I have 2 Burmese boys, they were booked in for 6 months, but the vet said ring earlier if they showed signs of spraying. We have no female to worry about and they're indoor cats, but they did end up going earlier because they started smelling unpleasant - this strange "musky" sort of smell and their play fighting became much rougher and less like play. 

They went in at just over 5 months and they were soon back to sweet lovable little kits again. :thumbup:

Please don't risk a pregnancy with a little girl who's still a kitten herself, she would have terrible problems (and cost you a lot of money). Even if he's still making unsuccessful attempts at the moment, he sounds as though he's making life difficult for her. 

Although I'm up at silly o'clock because I'm on holiday tomorrow (yay for half term) I'm sure others will give the same advice in the morning.


----------



## Aurelia (Apr 29, 2010)

If you can keep them separated for a few days until your appointment please do. If it's not possible for a long period, then please bring it forward but do try to keep them apart until you do.

It won't make any difference to whether she is pregnant or not at the moment. If she is, it will probably not even be at the fertilization stage.

But yes, get them done asap naughty little buggers .


----------



## Amethyst (Jun 16, 2010)

Great advice given :thumbup:


----------



## Mango10 (Oct 30, 2010)

Thank you for the advice! We stayed up really late last night, hence the late post, they eventually both went to sleep on the bed with us. Luckily my bf is off work this week so they weren't left on their on all day today, he told me she has now started crying out and he goes running to her, so I am assuming this is her on heat now as well?
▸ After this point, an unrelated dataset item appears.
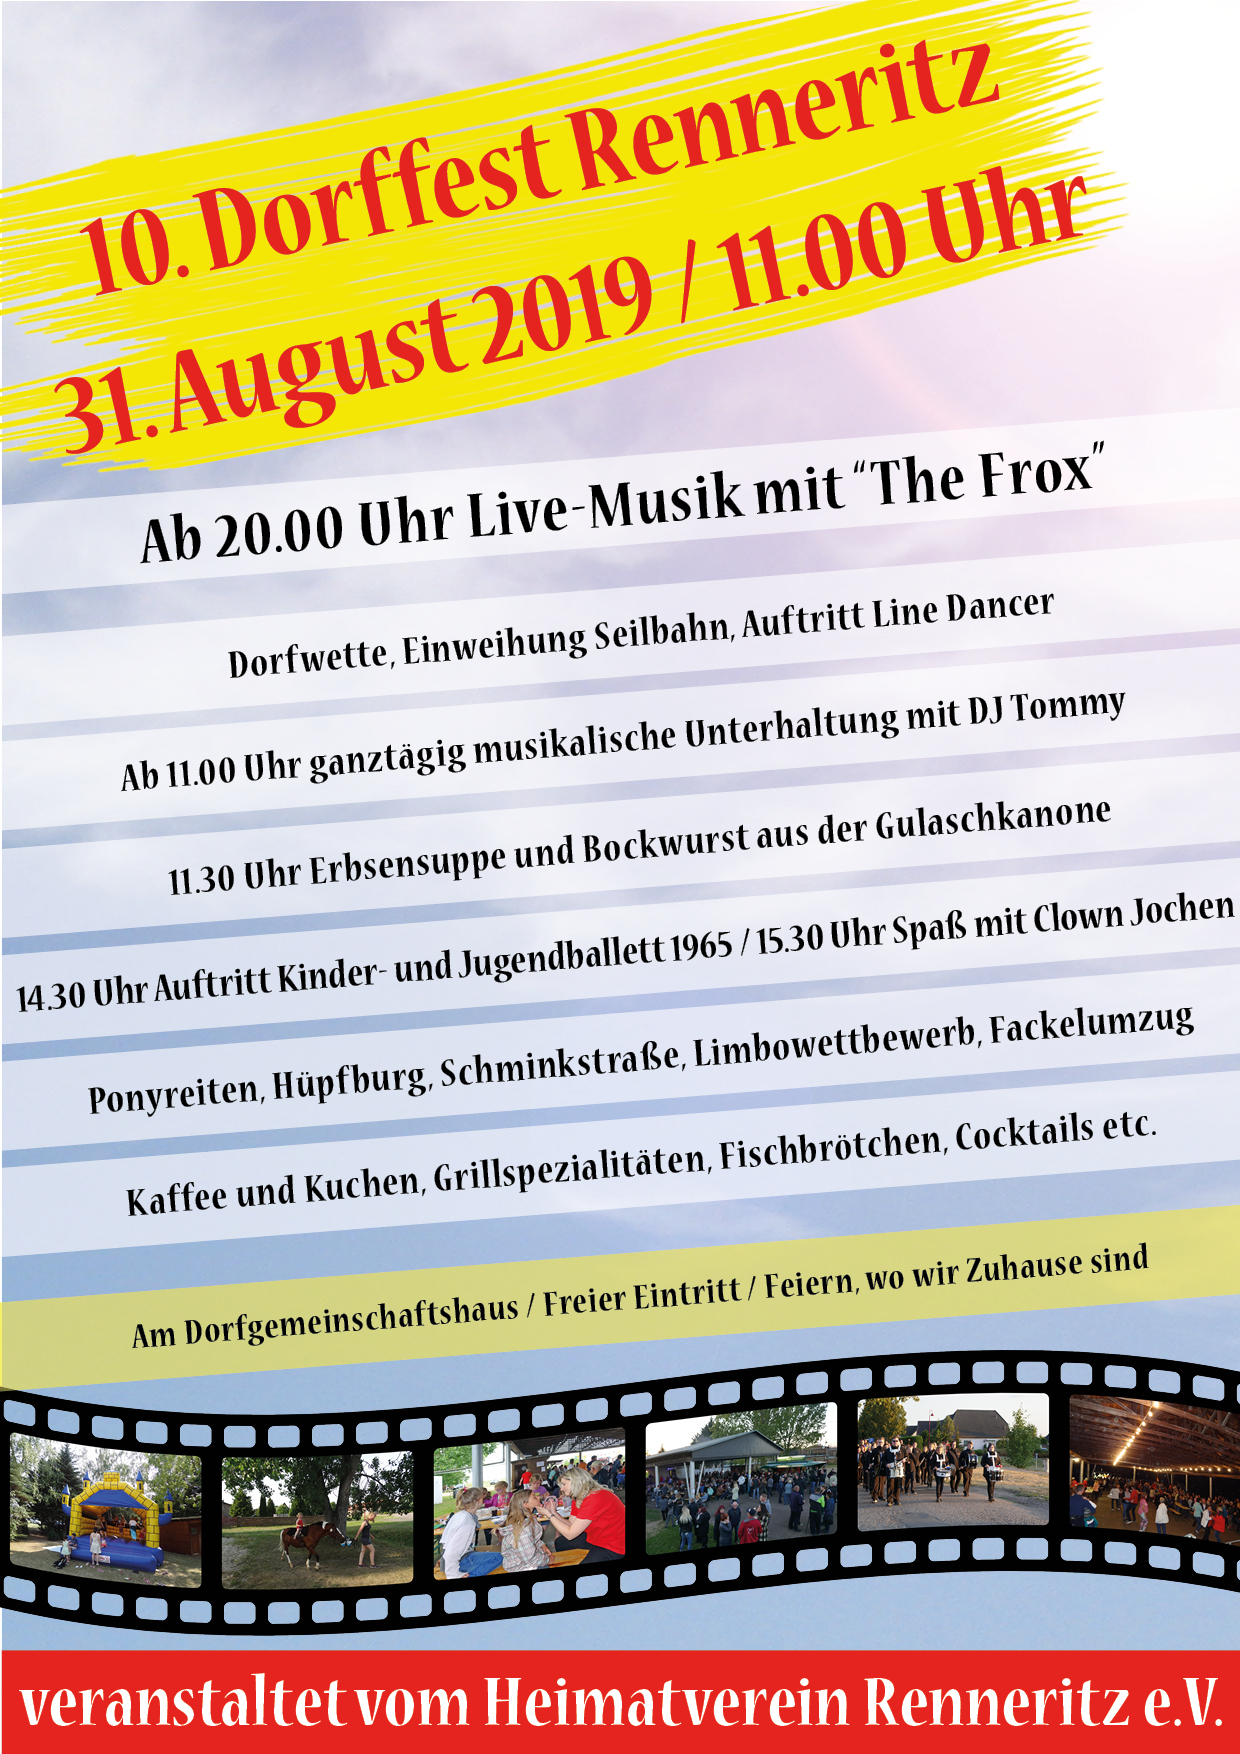 Dorffest Renneritz 2019

We have managed to get them booked in for tomorrow now instead of the end of the week so it's just tonight to contend with!



Aurelia said:


> It won't make any difference to whether she is pregnant or not at the moment. If she is, it will probably not even be at the fertilization stage.


Yes I was thinking that even if she HAS got pregnant, she can still be neutered without problem?



Jansheff said:


> They went in at just over 5 months and they were soon back to sweet lovable little kits again. :thumbup:


I hope this is true for ours too!! I have read though that males can still be fertile up to 6 weeks afer castration though so even though she wont be able to get pregnant, will he still be 'feeling' the same? How long does it take for them to get back to 'normal'?

Thanks again

Edit: Here are the little ones in question!

Ben:









Lola


----------



## Amethyst (Jun 16, 2010)

Good for you, it's great to see people doing the right thing for their cats. Good luck tomorrow, let us know how they get on


----------



## Jansheff (Jan 31, 2011)

Sorry, can't answer your question about how long it takes him to stop feeling randy so to speak. I can't remember now as it's 6 years ago. We didn't have a tempting female about to set them off either, I just remember them getting all macho with each other and their play fighting turning quite serious - and the pungent odour they seemed to be emitting. 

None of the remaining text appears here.